Потом она исчезла, и все остальное исчезло вместе с ней. Мои мысли
ринулись в темноту и затерялись меж развалин.
Очнувшись, я понял, что лежу на черепичной крыше у огня. Рот был полон
слюны и крови, сочившейся из прикушенных губ. В ногах ощущалась безмерная
слабость, но все же я сел и огляделся вокруг.
Сначала мне показалось, что все остальные исчезли. Крыша подо мной была
твердой, но люди стали прозрачными, словно привидения. Справа от меня
лежал прозрачный Хильдегрин: положив ладонь на его грудь, я убедился, что
в ней бьется сердце - неровно, как мошка за стеклом. Глядя на туманные
очертания тела Иоленты, я понял, что с ней сделали больше, чем
предполагала Меррин: сквозь прозрачную плоть просвечивали железные
проволоки и пластинки, хотя и они казались расплывчатыми. Я перевел взгляд
на собственные ноги и увидел яркий свет Когтя под толстой кожей сапога. Но
не хватало сил достать его.
На губах спящей Доркас не было пены, а тело на вид казалось более
плотным, чем тело Хильдегрина. Меррин превратилась в куклу, одетую в
черное, почти лишенную плоти. Тоненькая Доркас рядом с ней выглядела
крупной и тяжелой. Теперь, когда в лицо Меррин сознание не вдыхало жизнь,
я видел перед собой всего лишь маску из слоновой кости или гипсовую
лепнину на костях черепа.
Как я уже давно подозревал, кумеана оказалась не женщиной. Но она не
была и одним из тех чудовищ, которых мне довелось лицезреть в садах
Обители Абсолюта. Вокруг светящегося хлыста клубилось нечто, отдаленно
напоминавшее рептилию. Как ни искал я голову у этого существа, ее не было
- зато спина пресмыкающегося казалась составленной из множества лиц, а в
глазах каждого из этих лиц читалось отчаяние.

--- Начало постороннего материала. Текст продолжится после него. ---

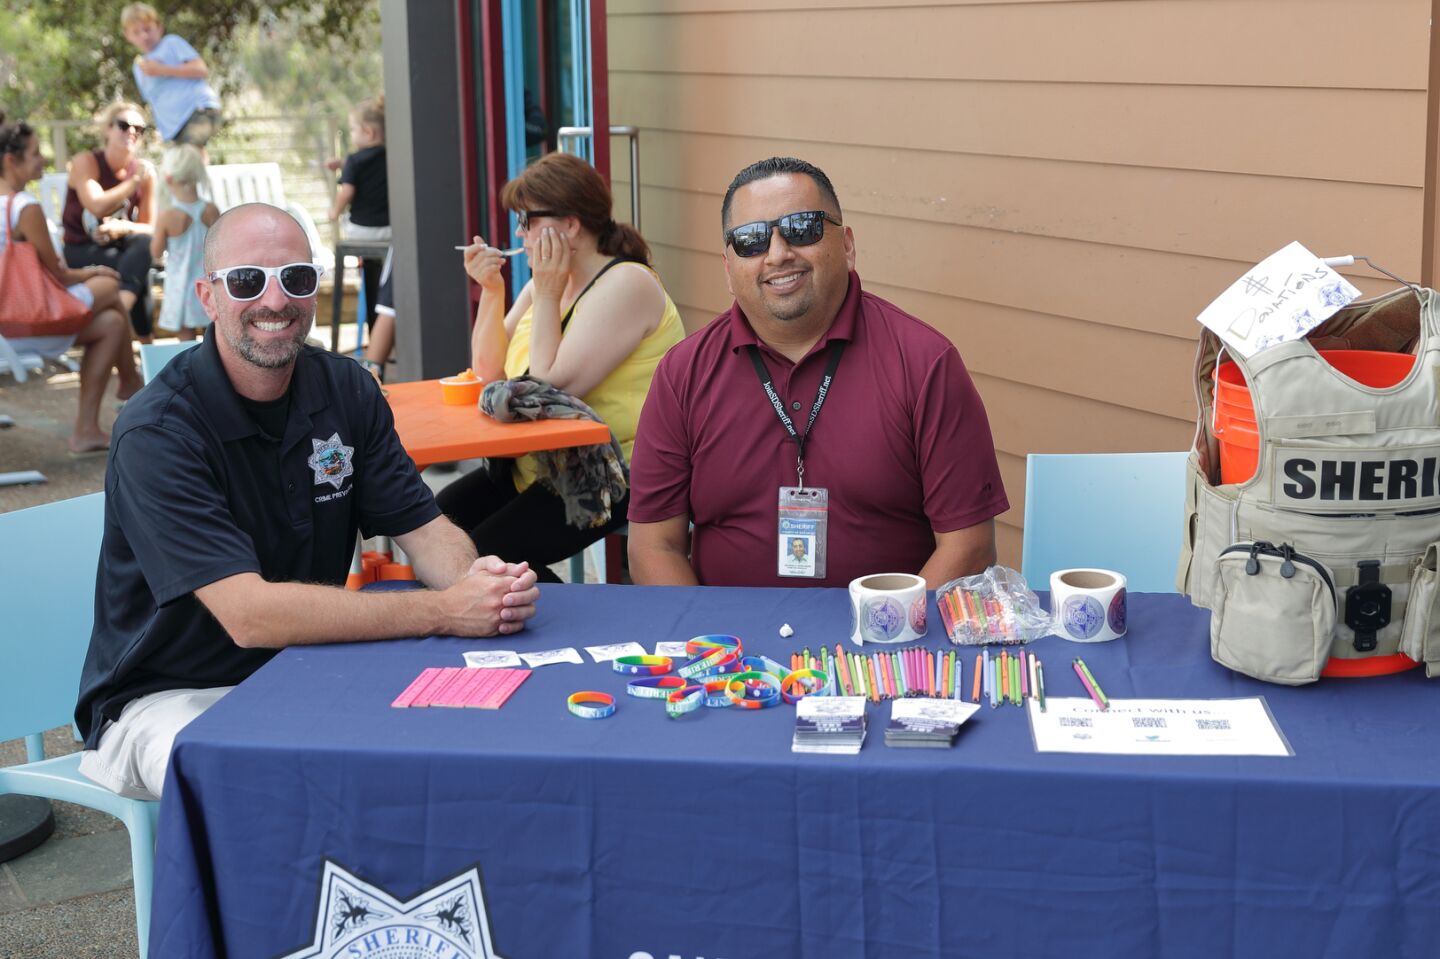 Crime Prevention Specialists Jonathan Simon and George Hernandez welcomed customers to the Cali Ice Cream Scoops for a Cause benefit for the Boys & Girls Club

В это время проснулась Доркас.
- Что с нами случилось? Хильдегрин пошевелился во сне.
- Я думаю, мы смотрим на себя издалека - из другого времени.
Она открыла рот, но не издала ни звука. Сгустившиеся облака не принесли
с собой ветра, хотя внизу, под нами, по улицам клубилась пыль. Не знаю,
как лучше описать то, что происходило: словно бесчисленное множество
мельчайших насекомых скрывалось в трещинах мостовых, а теперь, по воле
лунного света, пробудилось к загадочной ночной жизни. Глаз не улавливал
регулярности в их бесшумных перемещениях, но время от времени они
сбивались в подобие роя, мечущегося, увеличивающегося в размерах и
уплотняющегося, пока он снова не рассыпался по выщербленным камням
мостовой. Тогда насекомые больше не пытались взлететь - они переползали
друг через друга, и каждое стремилось пробраться в центр роя.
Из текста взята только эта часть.